Ich ging den Flur weiter nach hinten in Haus, öffnete die Tür irgendeines Zimmers, in dem man das Gegröle der Mannschaft nicht so deutlich hörte und sah, dass sich Walt und einer der Javad hieß, es sich gerade bequem machen wollten, doch ich machte ihnen einen Strich durch die Rechnung. „Raus. Das Zimmer ist für mich reserviert.“ Mein Ton musste die Drohung, die sich dahinter verbarg, ganz deutlich machen, denn Javad ging einfach ohne große Worte hinaus. Ihm war es egal, er würde irgendwo anders in diesem großen Haus einen Schlafplatz finden.
Walt, der sich gerade sein Unterhemd ausziehen wollte, blitzte mich sauer an. „Was? Angekratztes Ego, nur weil dich der Major dumm dastehen lassen hat?“
Ich atmete gestresst durch. „Walt, verpiss dich.“
Walt holte Luft, um mir etwas zu entgegnen, aber als er den Zorn in meinen Augen sah, wollte er lieber doch den drohenden Streit vermeiden, nahm, vor sich hin murrend, seine Jacke vom Stuhl, blieb aber nochmal stehen. „Übrigens sind wir glücklich darüber, dass uns Pattons weibliche Gesellschaft verschafft hat.

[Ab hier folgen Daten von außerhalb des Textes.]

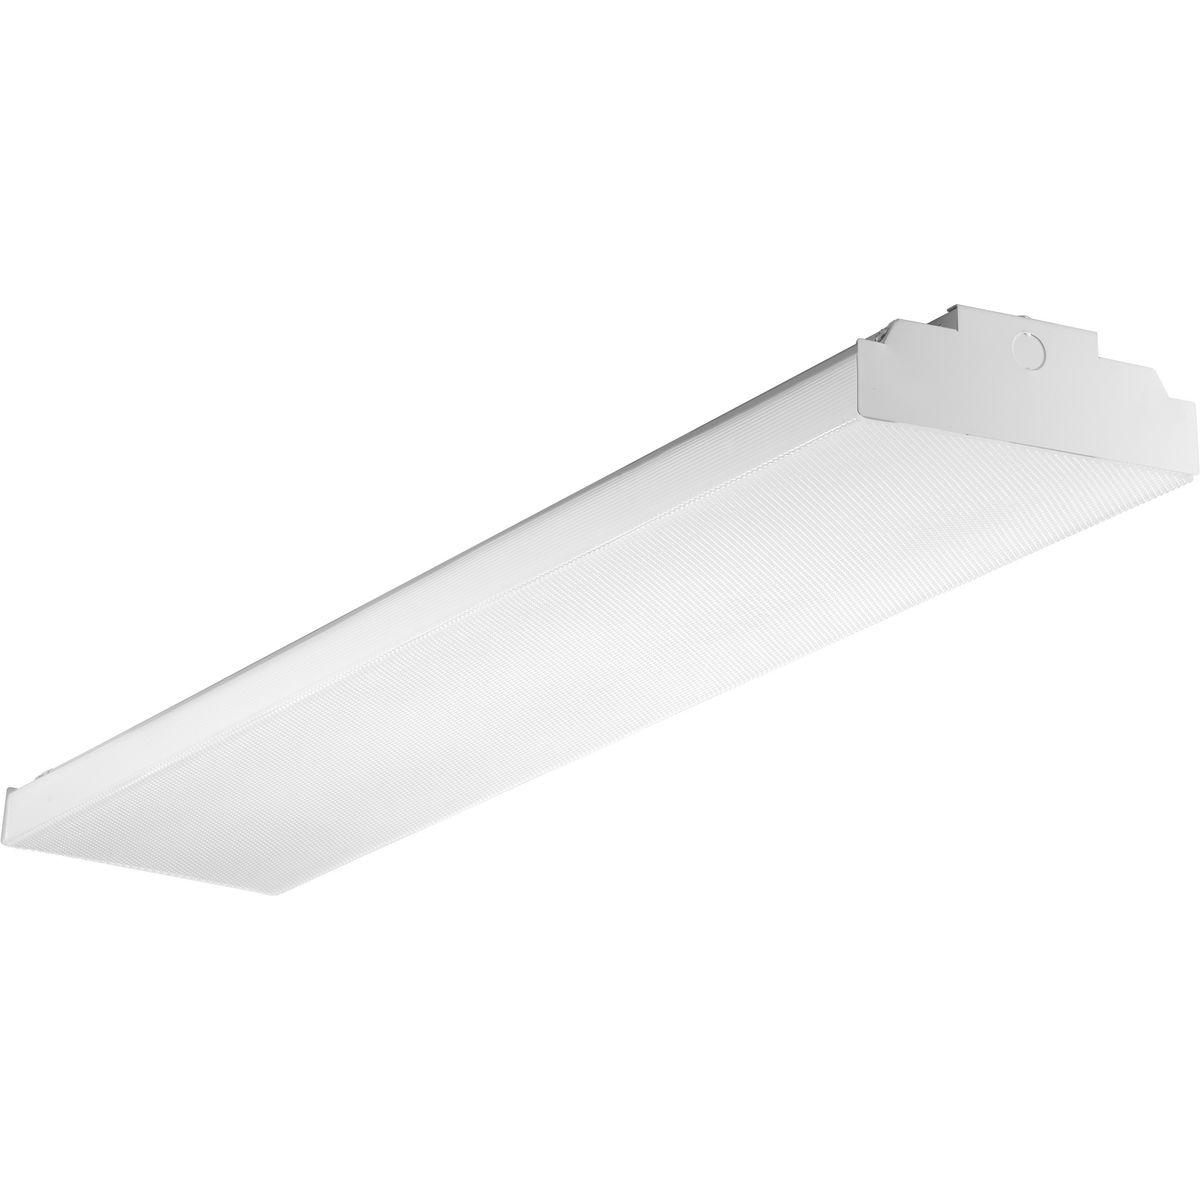 Hubbell PCIAW-LED-4-40K PCIAW is a 4FT LED Wraparound with frosted acrylic lens. This product is surface mounted to the ceiling with fully assembled for quick installation. DesignLights Consortium (DLC) qualified.  ; Long Life 50,000 hour LEDs for reduced maintenance ; Heavy gau

Halt dich also zurück, ansonsten hast du nicht mehr nur Pattons als Feind, klar?“
Ich ignorierte sein Geschwätz und wand mich endlich aus meiner Jacke. Aus den Augenwinkeln sah ich, wie Walt mir noch einen verachtenden Blick zuwarf und dann verschwand. Er und ich hatten schon oft Meinungsverschiedenheiten, denn auch er war in Peppers Platoon, doch wir versuchten uns aus dem Weg zu gehen. Zumindest meistens.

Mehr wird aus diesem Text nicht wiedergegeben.